You take your shoes off at the door, and go inside. The first thing you’ll notice is the creaky sound of the floorboards – only that’s not creaking. That’s a deliberate sound made by a clever device underneath the floor, which squeaks every time a person walks on it. It’s designed to mimic the sound of nightingale song – and depending on who you believe, this was designed to stop any intruder in their tracks, as the shoguns would hear them (then presumably kick their ass).

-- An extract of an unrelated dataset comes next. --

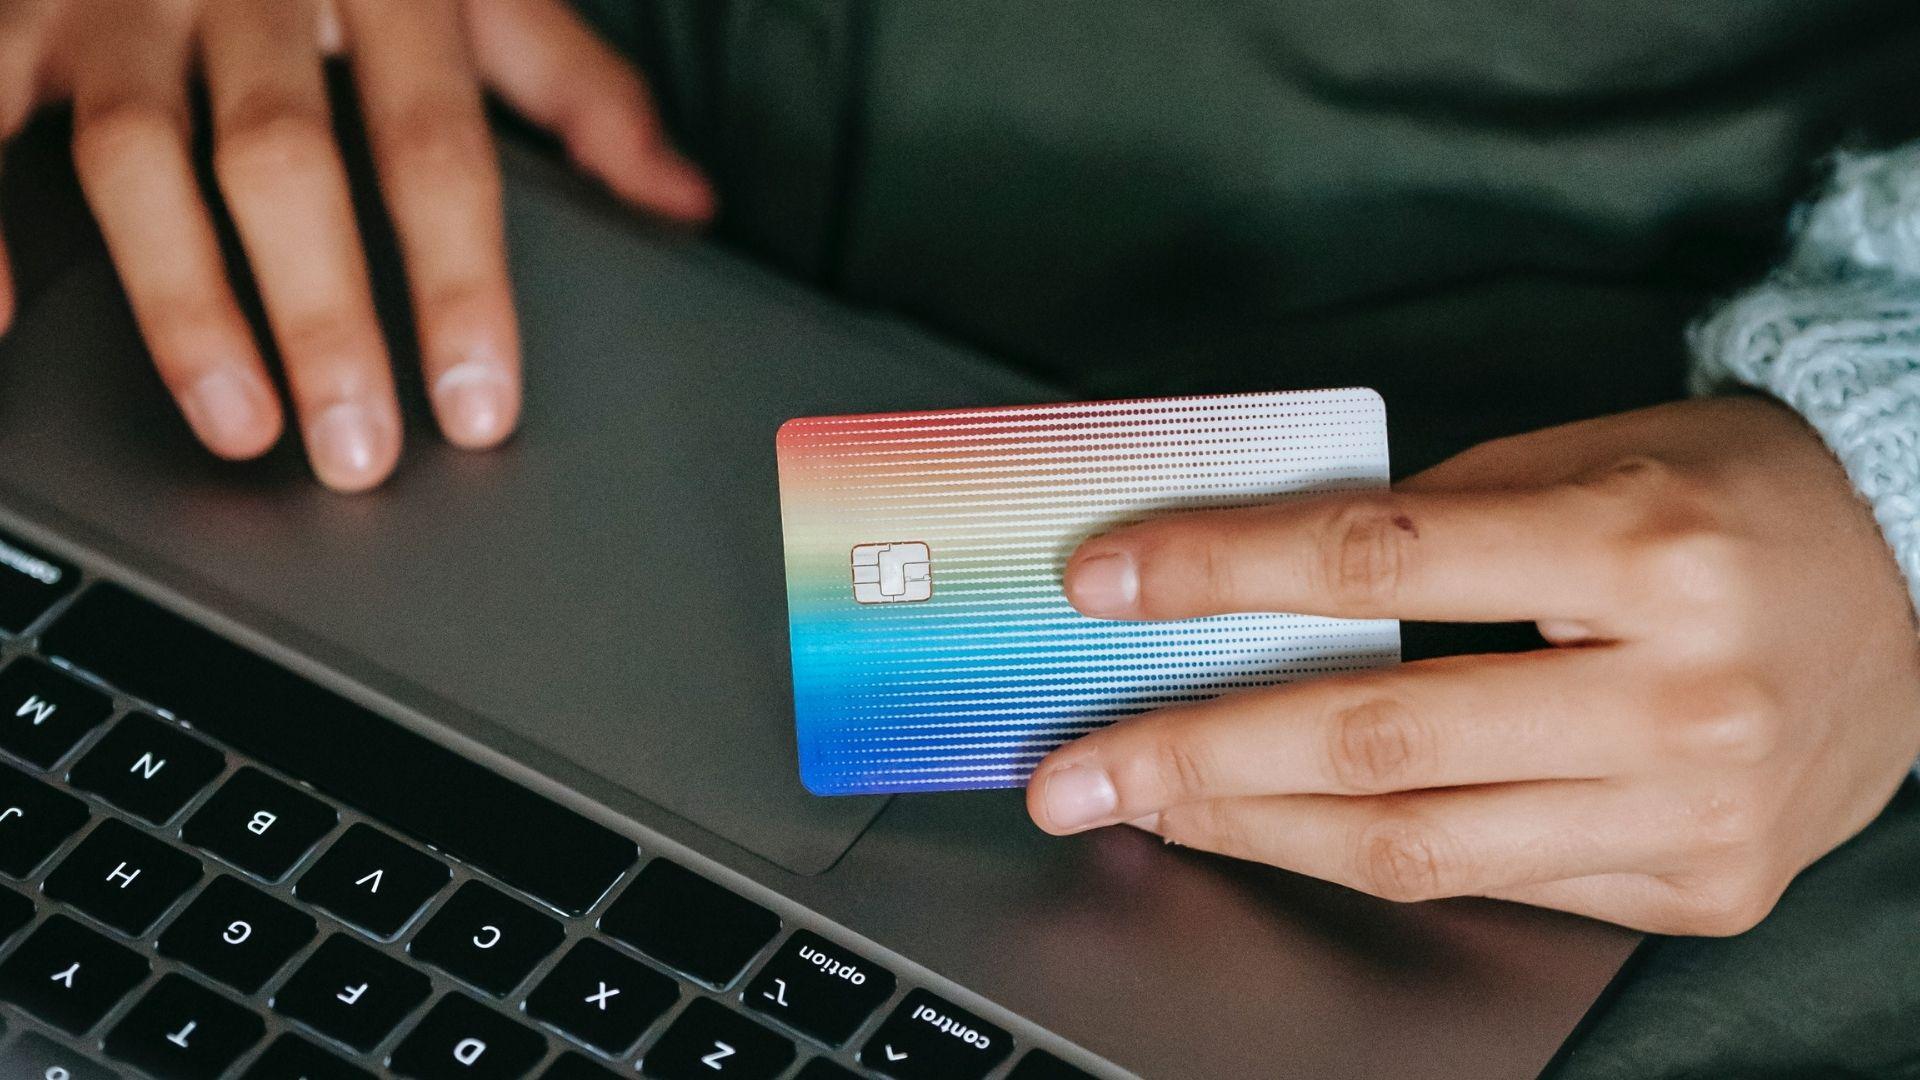 Personne surfant sur internet, une carte de crédit Mastercard à la main

The beautiful, albeit threatening, tiger paintings that decorate the flimsy-looking (but surprisingly rain resistant) paper walls are of particular interest, because there have never been any wild tigers in Japan. These drawings were based on sketches of Amur tigers from China and Korea, and what travellers said about the magnificent creatures upon their return. So the angry tigers might look a bit comical, but the message is clear – don’t mess with the shogun.

 

As well as passive-aggressive artwork and anti-stealth-mode floorboards, the palace was designed to enforce the strict social hierarchy that meant Japan was such a strong and stable country for such a ong time. Lower-ranking visitors were received close to the entrance of the Ninomaru, but those of a higher social status were given the privilege of seeing the palace’s inner chambers. Nowadays, any paying visitor can walk around the palace, and admire this incredible example of Tokugawa architecture and power play. You just can’t take photos inside.

You’ll step out of the Ninomaru Palace and pass through a lovely Japanese garden, which for visitors back in the day was probably a relief, as they must have been scared stiff of the shogun.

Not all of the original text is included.